00 Legal

Cookies Policy

Zero cookies. Zero trackers. Zero third-party analytics.

This is a deliberately short page. UltimaOS sets zero cookies on the marketing site, zero cookies in the workspace application, and uses zero third-party trackers. The page exists so that visitors searching for “cookies policy” find an explicit answer rather than a hidden tracking setup.

01 Overview

Section overview

What we do not set.

01

No cookies on the marketing site

The ultimaos.com marketing site sets zero cookies. No session cookies, no preference cookies, no analytics cookies, no advertising cookies.

02

No cookies in the workspace

The UltimaOS workspace application sets zero cookies. Authentication uses local storage of cryptographic key material, not cookies. There is no session cookie that could be intercepted or replayed.

03

No third-party trackers

We do not use Google Analytics, Facebook Pixel, Hotjar, Mixpanel, Segment or any other third-party tracking or analytics service on the marketing site or in the workspace.

02 Details

Section details

What we do instead.

Server-side logging is retained for a maximum of 30 days for security and debugging purposes.
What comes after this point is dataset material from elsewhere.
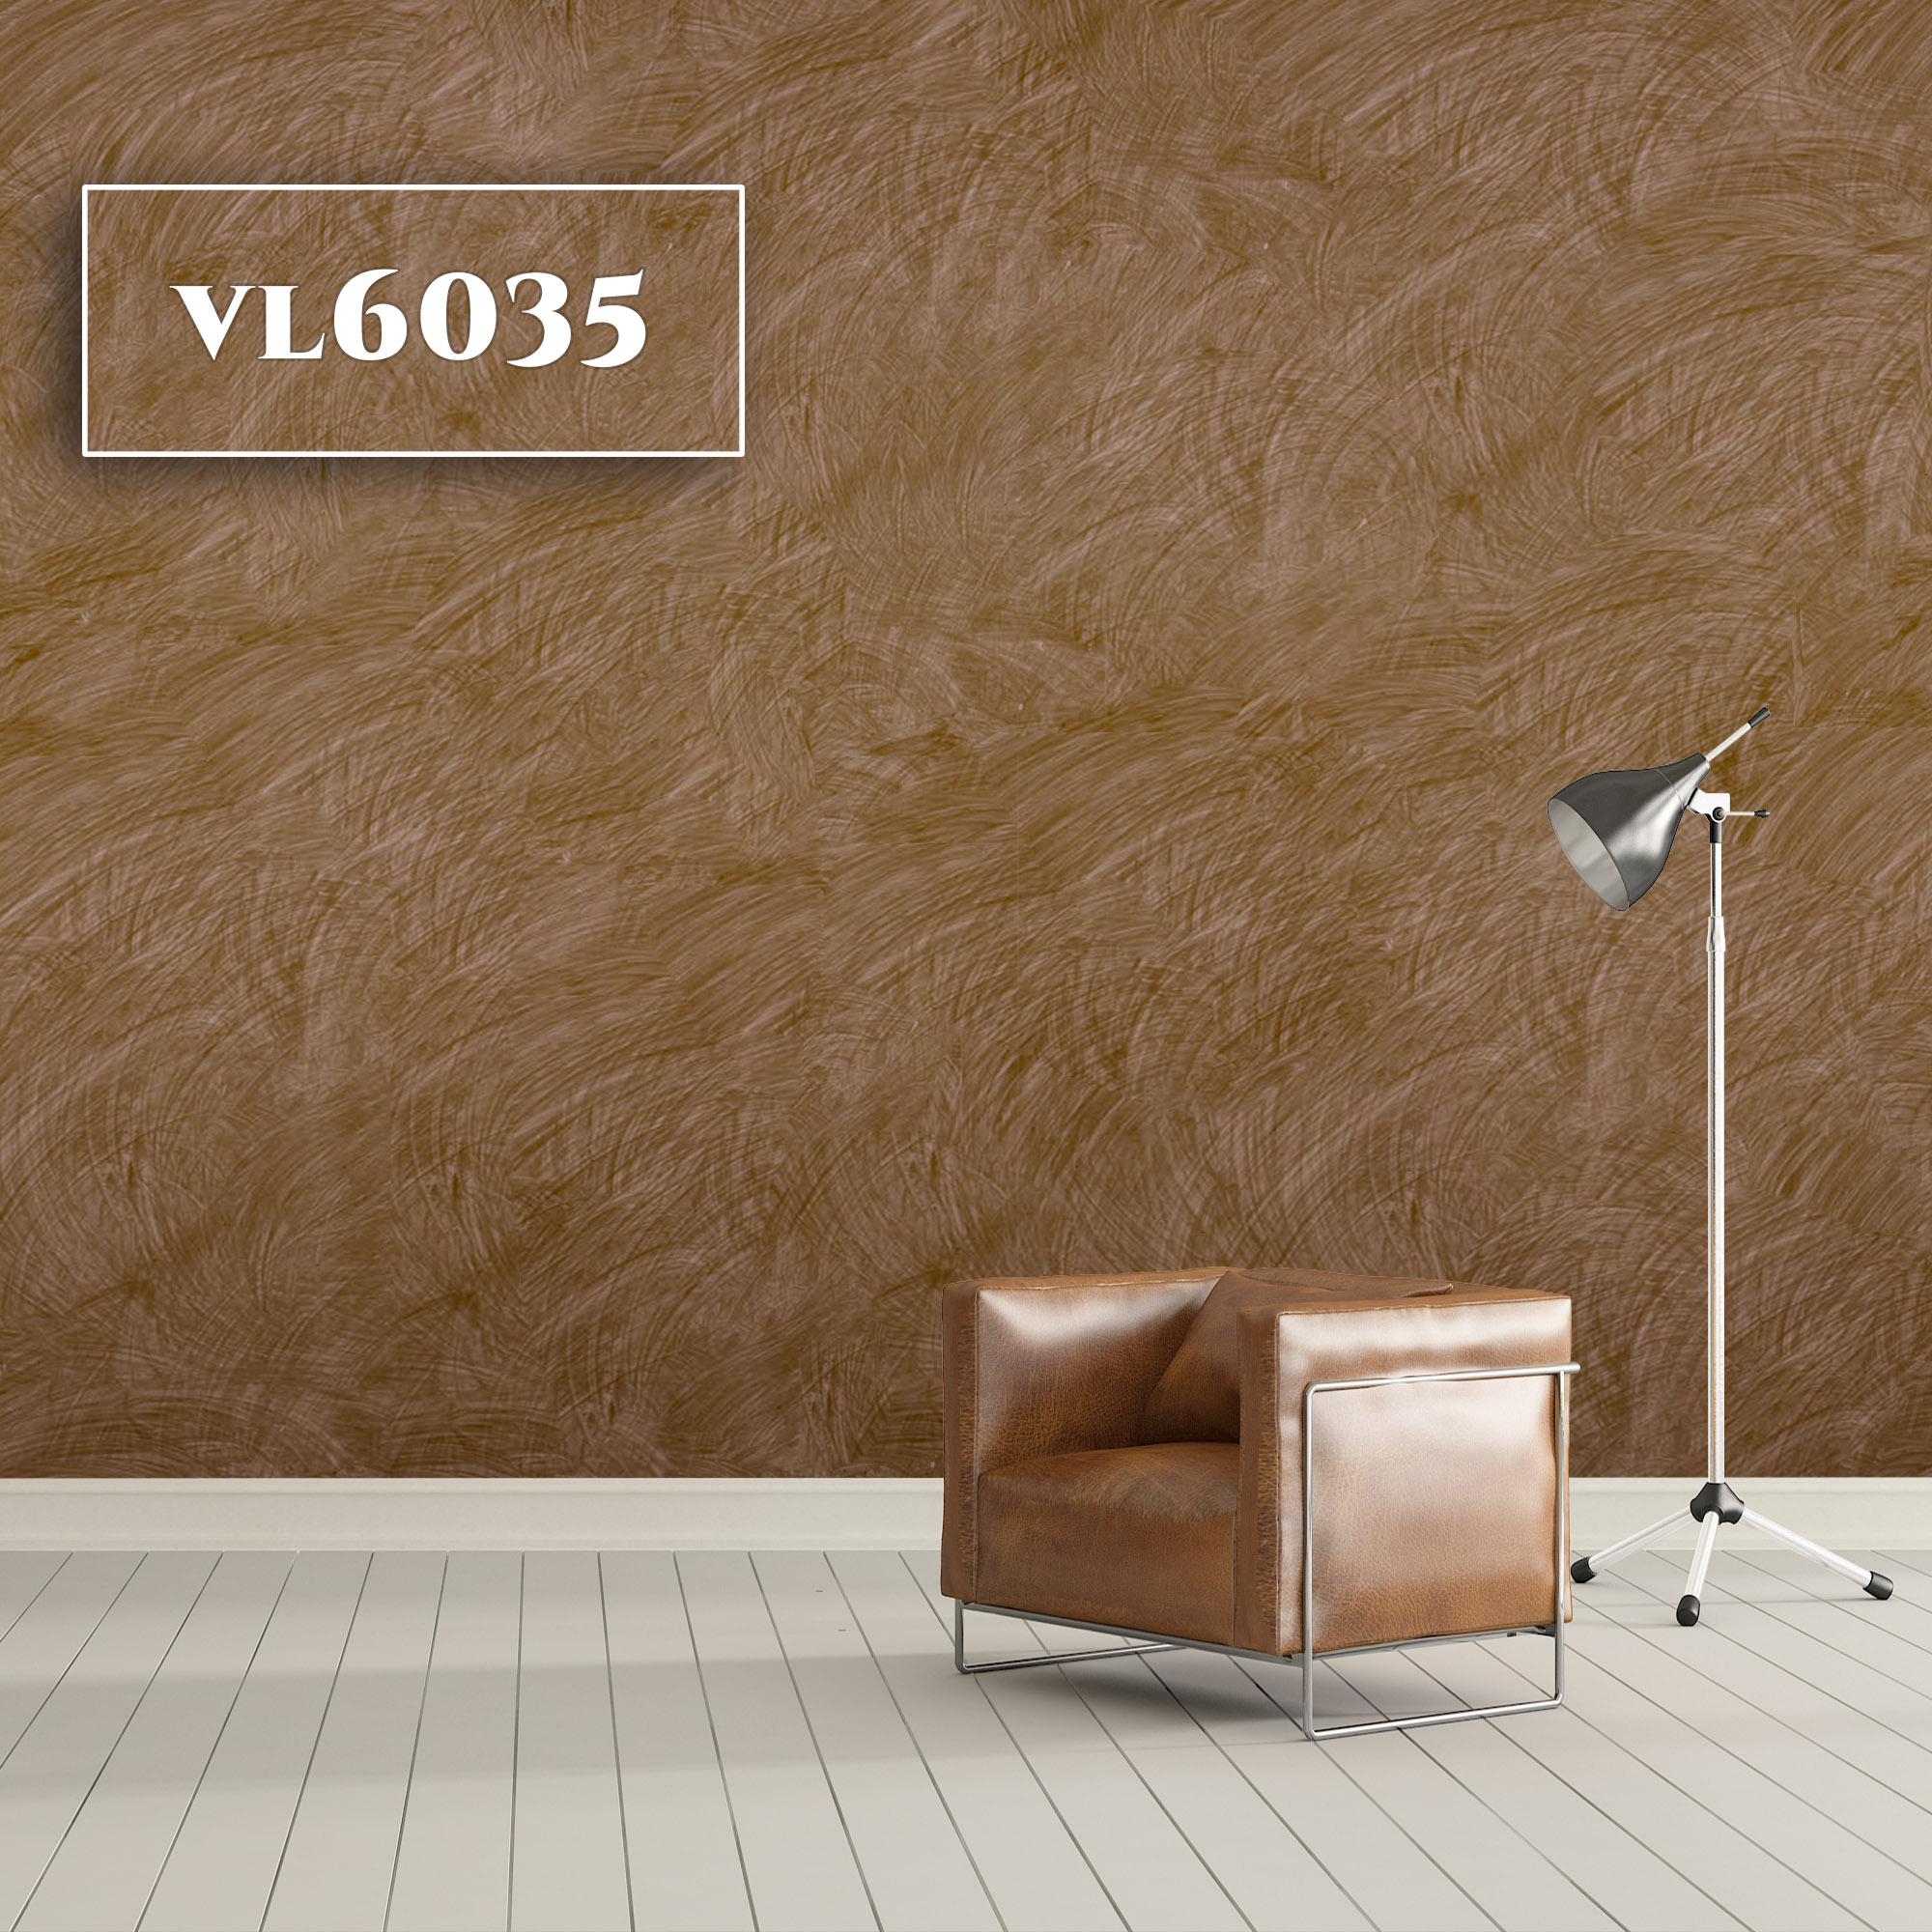 VL6035

Operational telemetry (uptime, error rates) is collected on our servers, not sent to a third party.

01

Server-side logs

Our servers log IP addresses and request metadata for security and debugging purposes, retained for a maximum of 30 days. Logs are never linked to your account identity and never sold or shared.

02

EU-hosted infrastructure

The marketing site is served from EU infrastructure. We do not use a third-party CDN that would set cookies or profile visitors. No Cloudflare, no Fastly, no Akamai.

03

Aggregate operational metrics

We collect aggregate uptime and error-rate metrics on our servers for operational purposes. These are not linked to individual user identities and are not shared with any third party.

04

Public transparency report

Every quarter we publish a transparency report listing government requests received, vulnerabilities patched, and any operational incidents. The report is available on the security disclosure page.

03 Key points

Key takeaways

Why this page exists.

  1. 01

    Transparency builds trust

    Visitors searching for the cookies policy of a service should find an explicit answer. A blank page, a hidden tracking setup, or a misleading statement would betray the trust we are trying to build.

  2. 02

    Regulatory clarity

    The ePrivacy Directive and GDPR require specific consent for non-essential cookies. By setting zero cookies, we eliminate the need for any consent banner — no dark patterns, no friction, no opt-out theater.

  3. 03

    No third-party scripts

    Every third-party script on a website is a potential data exfiltration path. By using zero third-party scripts, we eliminate an entire class of supply-chain attacks (Magecart-style, etc.).

  4. 04

    Sustainable privacy

    This policy is not a one-time compliance exercise. We commit to zero cookies, zero trackers, and zero third-party analytics as a permanent architectural choice — not a setting that can be toggled off.

04b References

Authoritative sources

Standards and references.

05 Frequently asked

Common questions

Questions about cookies.

Does UltimaOS set cookies?
Short answer

No. UltimaOS sets zero cookies on the marketing site and zero cookies in the workspace application.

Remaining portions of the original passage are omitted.